→ EXERCISE OBJECTIVE:
In the listing below, find the line with "Giolshon Women's Faux" and the line with "Защита ног Nike Щитки Nike Park shield", then return them and every line between them exactly, minus the pictures.

→ EXTRACTED INFORMATION:
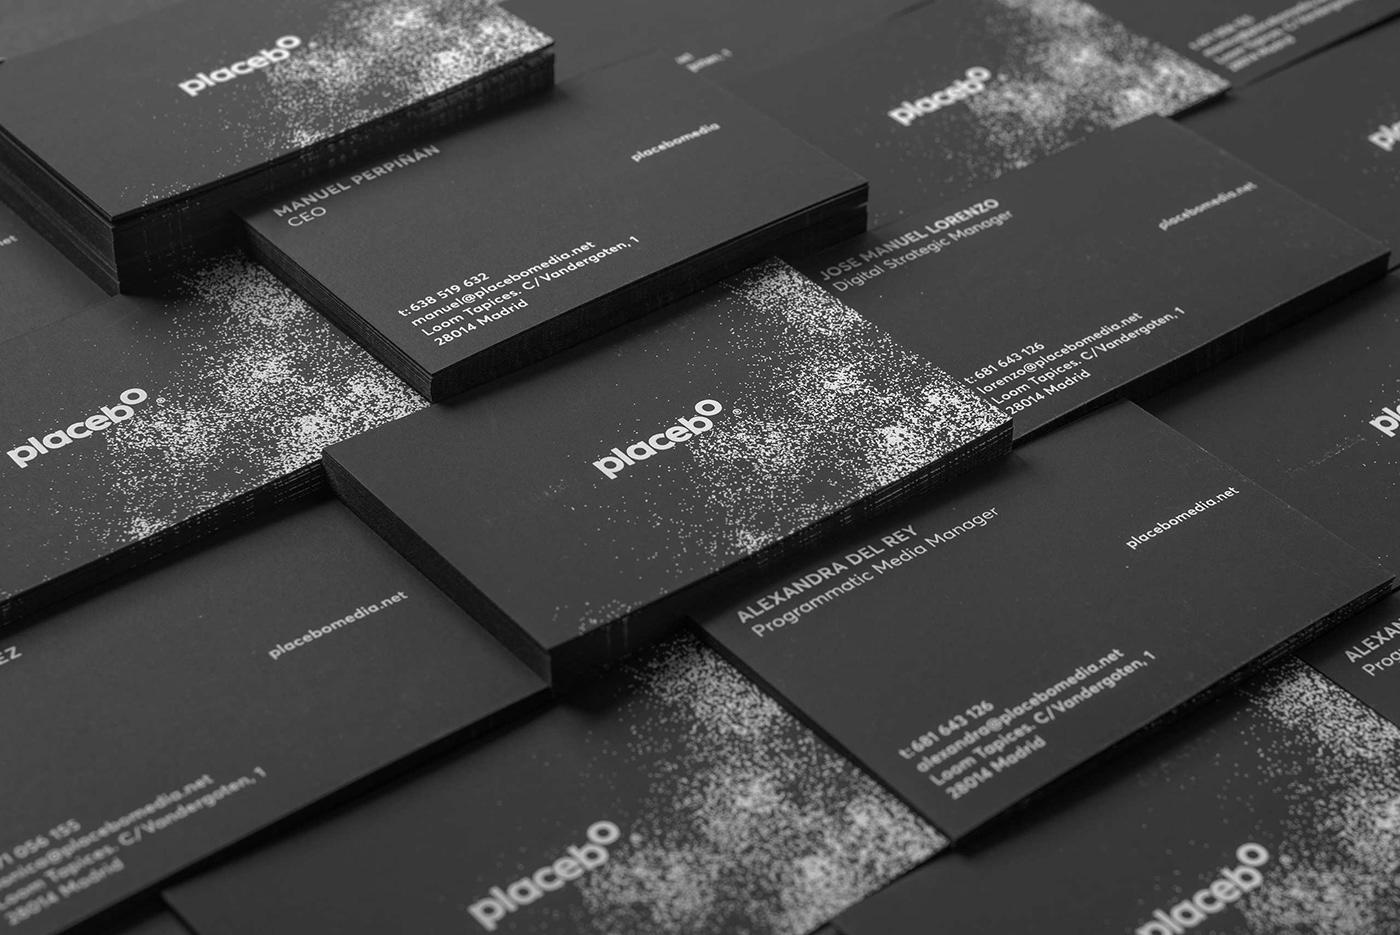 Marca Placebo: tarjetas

==

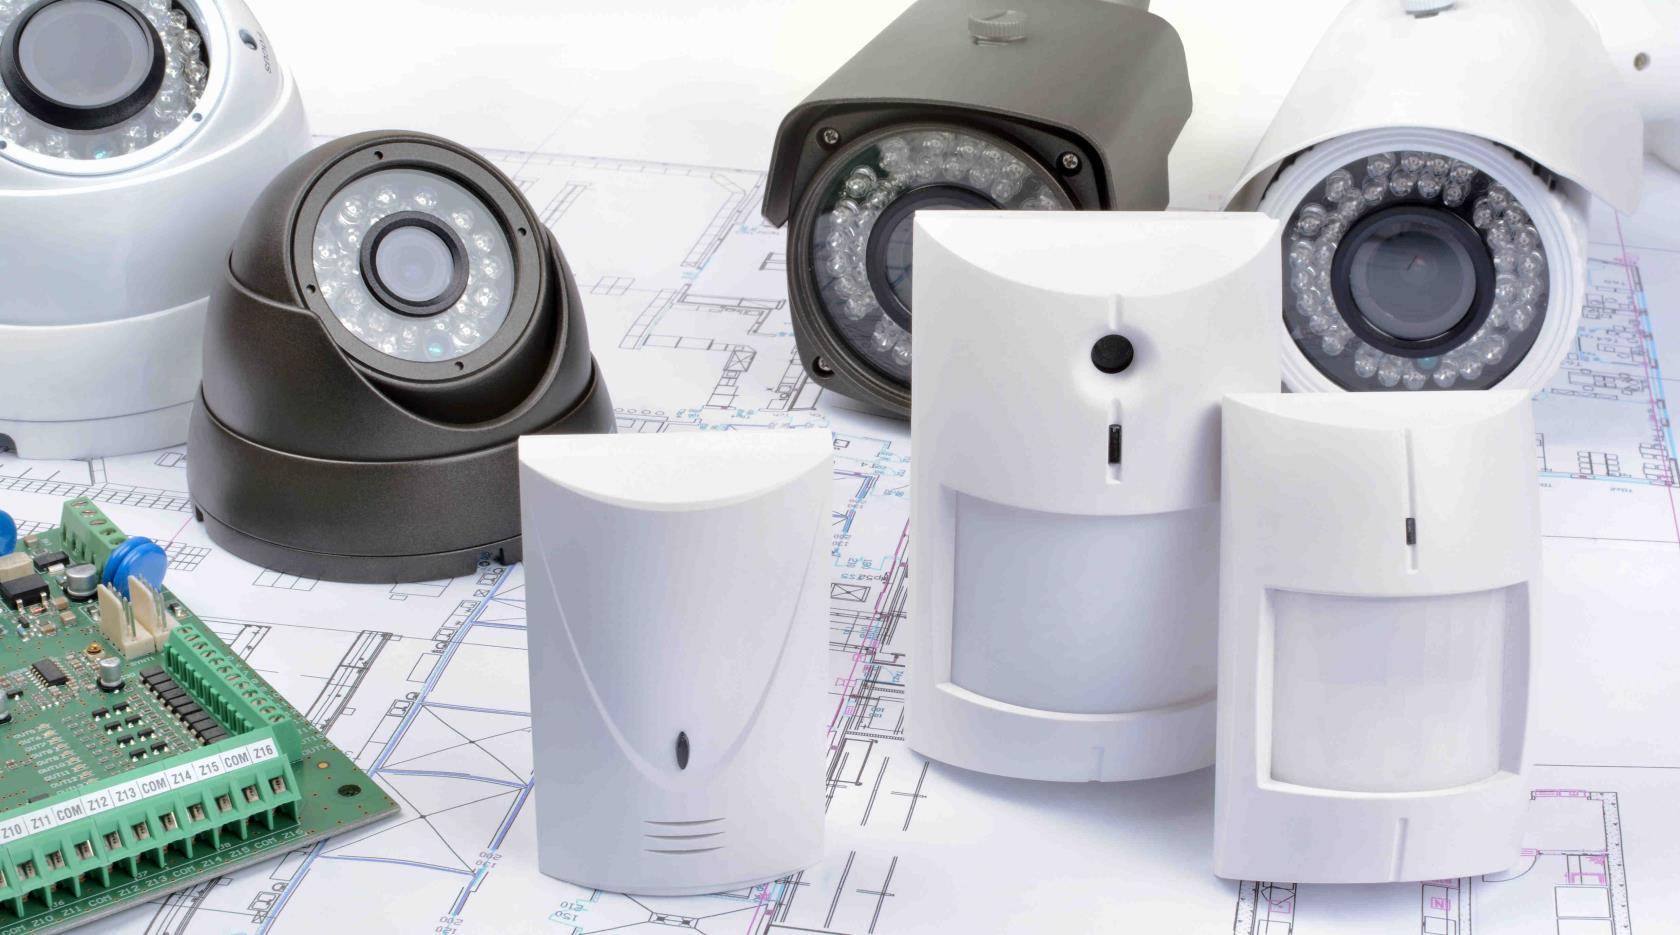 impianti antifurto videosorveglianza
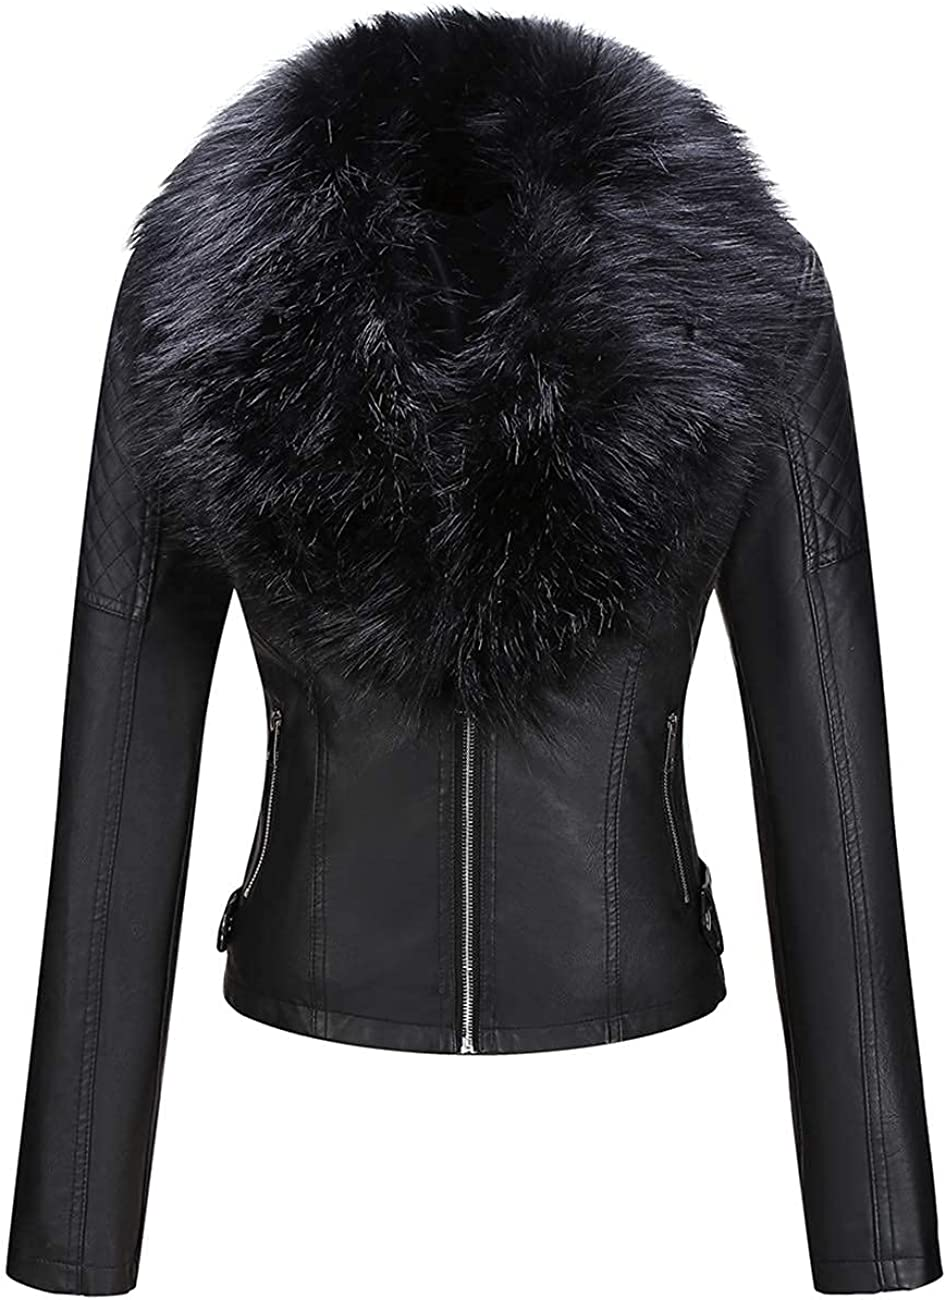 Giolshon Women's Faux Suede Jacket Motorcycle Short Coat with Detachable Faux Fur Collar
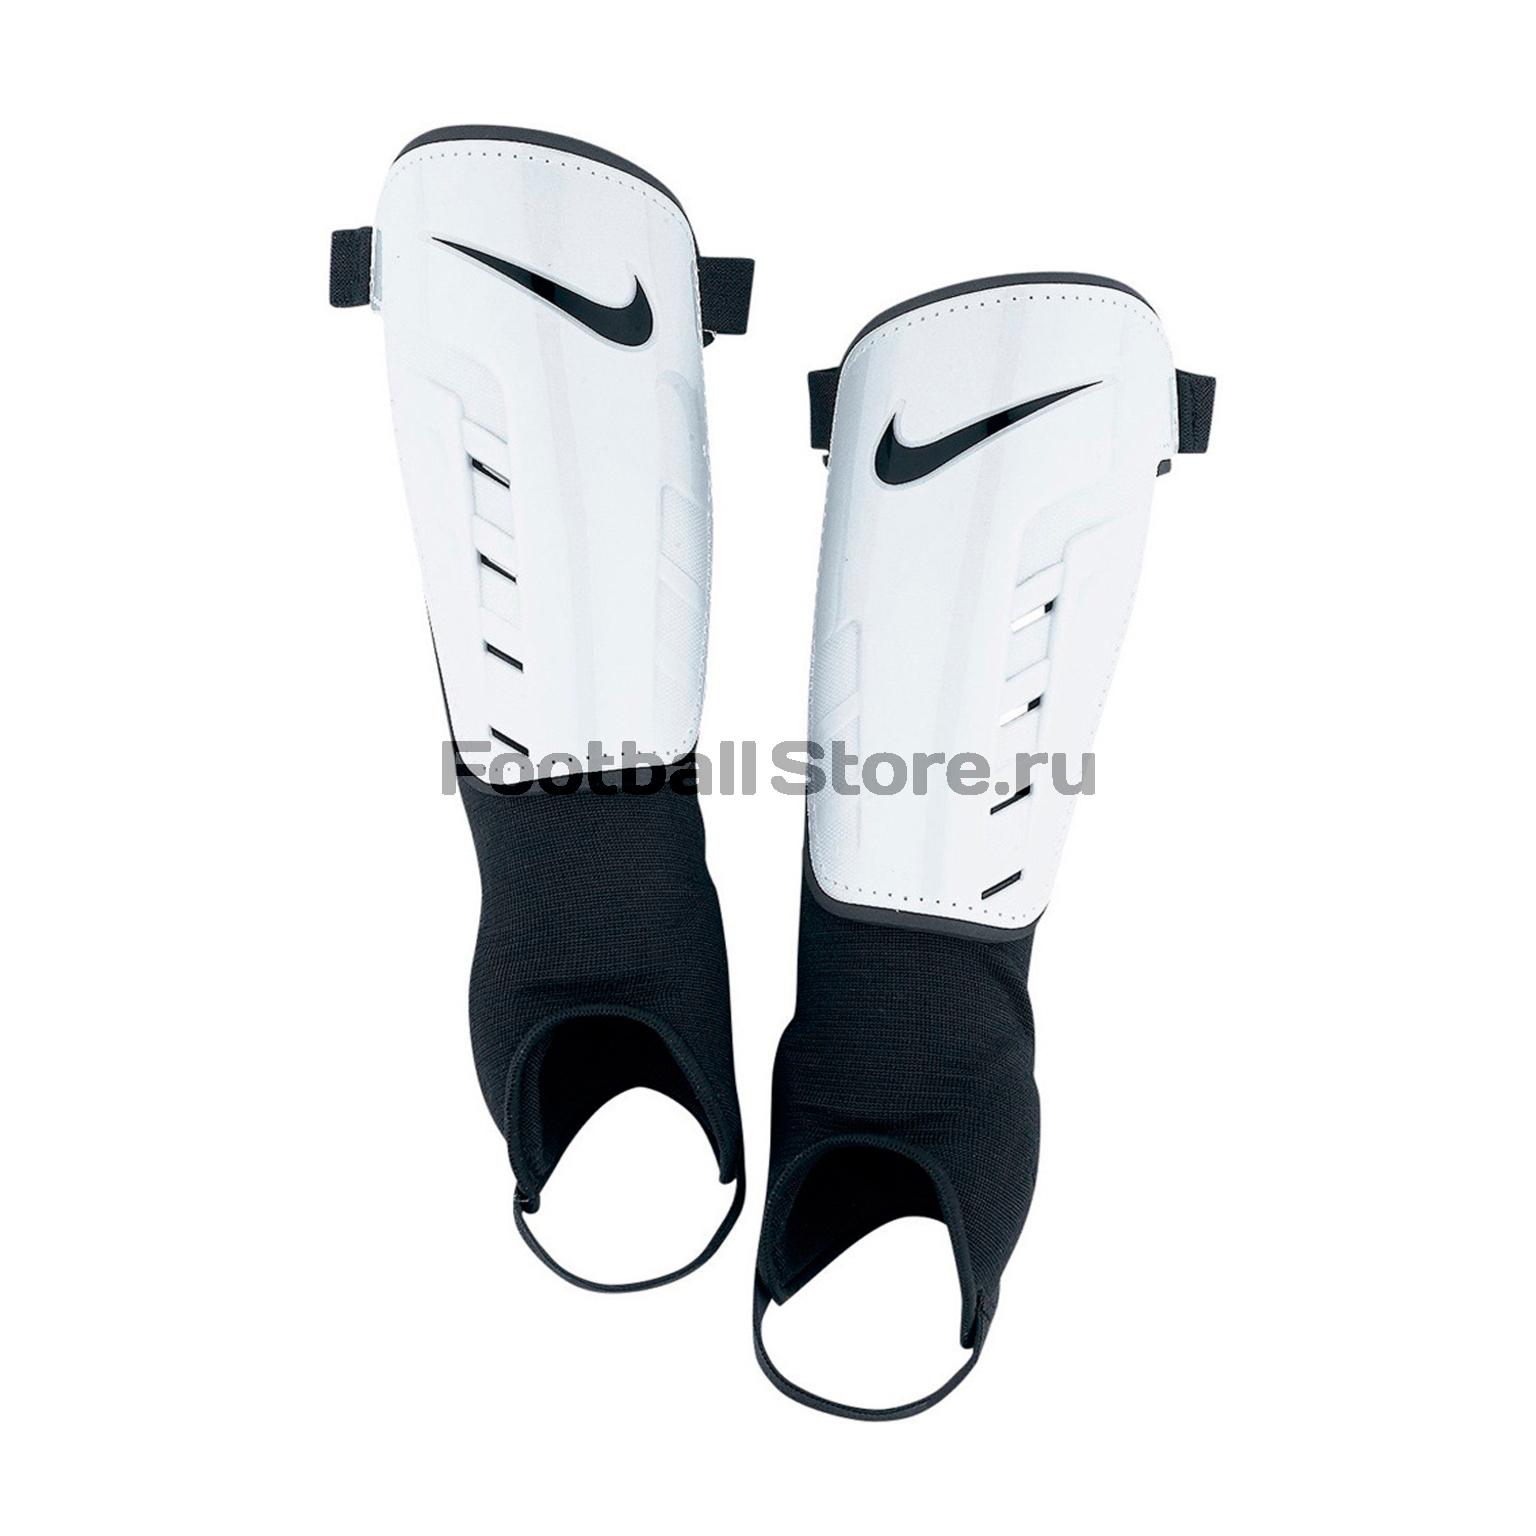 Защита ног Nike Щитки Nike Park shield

→ RESPONSE:
 Giolshon Women's Faux Suede Jacket Motorcycle Short Coat with Detachable Faux Fur Collar
 Защита ног Nike Щитки Nike Park shield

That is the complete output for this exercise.